In 2012, 32.4% of all high school students in America took at least one AP exam, which has grown significantly from 18% roughly a decade earlier. While 40% of Caucasian students and 60% of Asian students take at least one AP exam, only 30% of African-American and Hispanic students take at least one AP exam. Even farther behind, only 20% of Native American students take at least one exam.
While these numbers present a large range, this range is not characterized by aptitude or ability. The truth of the matter is, even though many minority students present a great aptitude for Math and Science, much fewerof them will even register for an Advanced Placement course or take the exam even if the options are available. Despite the near $100 price tag per exam, there has been a drastic increase among low income students taking AP exams, rising from 11% to 27% since 2002 due to the numerous subsidies presented to help offset the cost.
Many experts therefore suggest that the problem is much deeper than availability, but rather a problem that arises early in the education system. Mary Walker, a professor of education at the University of Texas at Austin, stresses the importance of developing an interest in education early on in order to allow students to grow in their aptitude most effectively. Walker says that minority students are “often not recognized as the smart kids in class.” She believes that if aptitudes are not cultivated as early as middle school then it makes little to no difference if the exams are made more available or not since students will not have the background to take them.

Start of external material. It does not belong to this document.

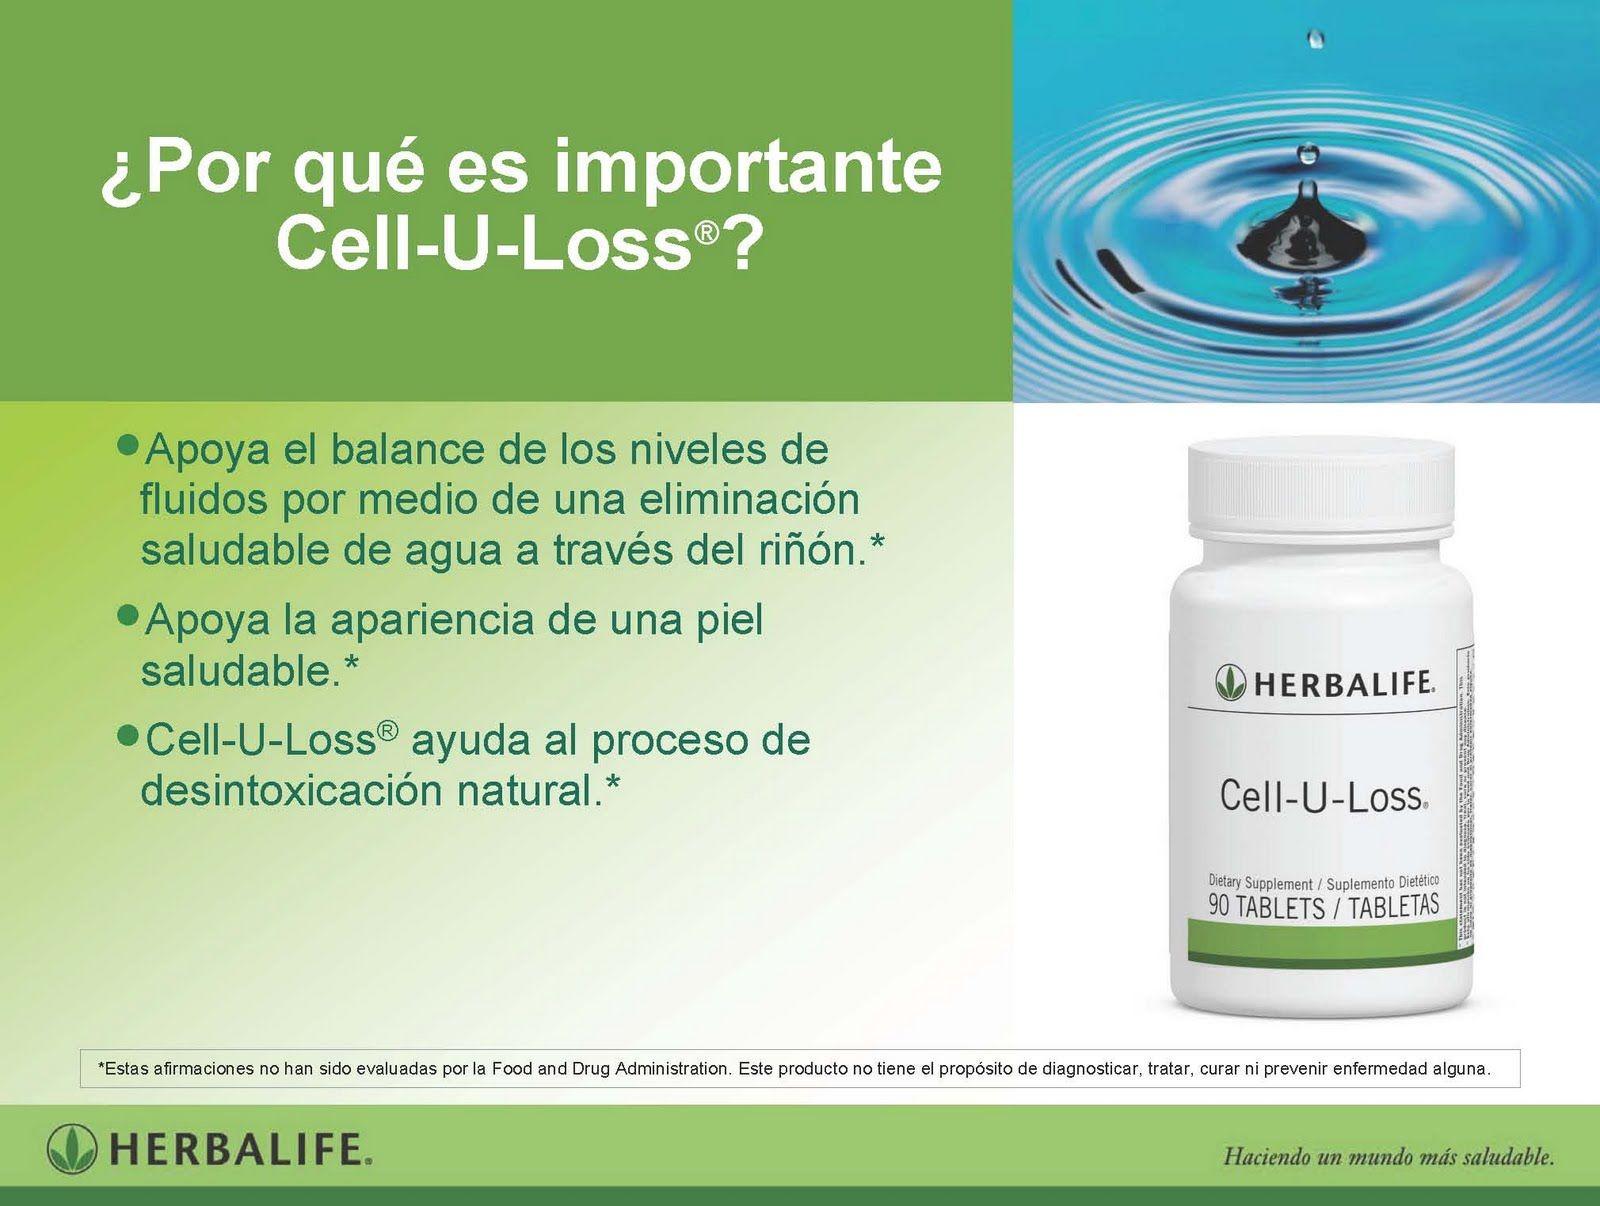 Cell-U-Loss es un limpiador biológico de las articulaciones.  Ayuda a la eliminación de exceso de líquido (celulitis) y mejora el aspecto de la piel. El incremento de líquido en el organismo produce la acumulación de toxinas en el cuerpo provocando la aparición de pozos y la hinchazón de la piel (retención de líquido).

Overall, the opportunity to take AP classes and the exams that go along with them can be incredibly beneficial to many high school students nationwide. The passing of these exams can earn prospective college students transferable college credit at most universities. These credits can be beneficial in many ways. They can provide students with prerequisites for higher level classes, allowing students to begin their college career ahead of most of their classmates. They can also decrease the number of general education requirements that students have to meet at their college or university by allowing them to earn those credits while in high school. Additionally, if students earn enough credits, they could be able to register before many other classmates due to having the credits corresponding to a higher class ranking. Ultimately, with the right combination of these factors, students could save thousands of dollars by graduating a semester or, in some cases, even a year early.
The Advanced Placement curriculum has grown due to its proven importance in the college preparatory curriculum. Students who earn credit through this system are generally very happy with the outcome. That being said, the increase in enrollment by students in the United States suggests a positive future for America. However, an increase in minority student involvement in this program would greatly improve the overall status of education in America.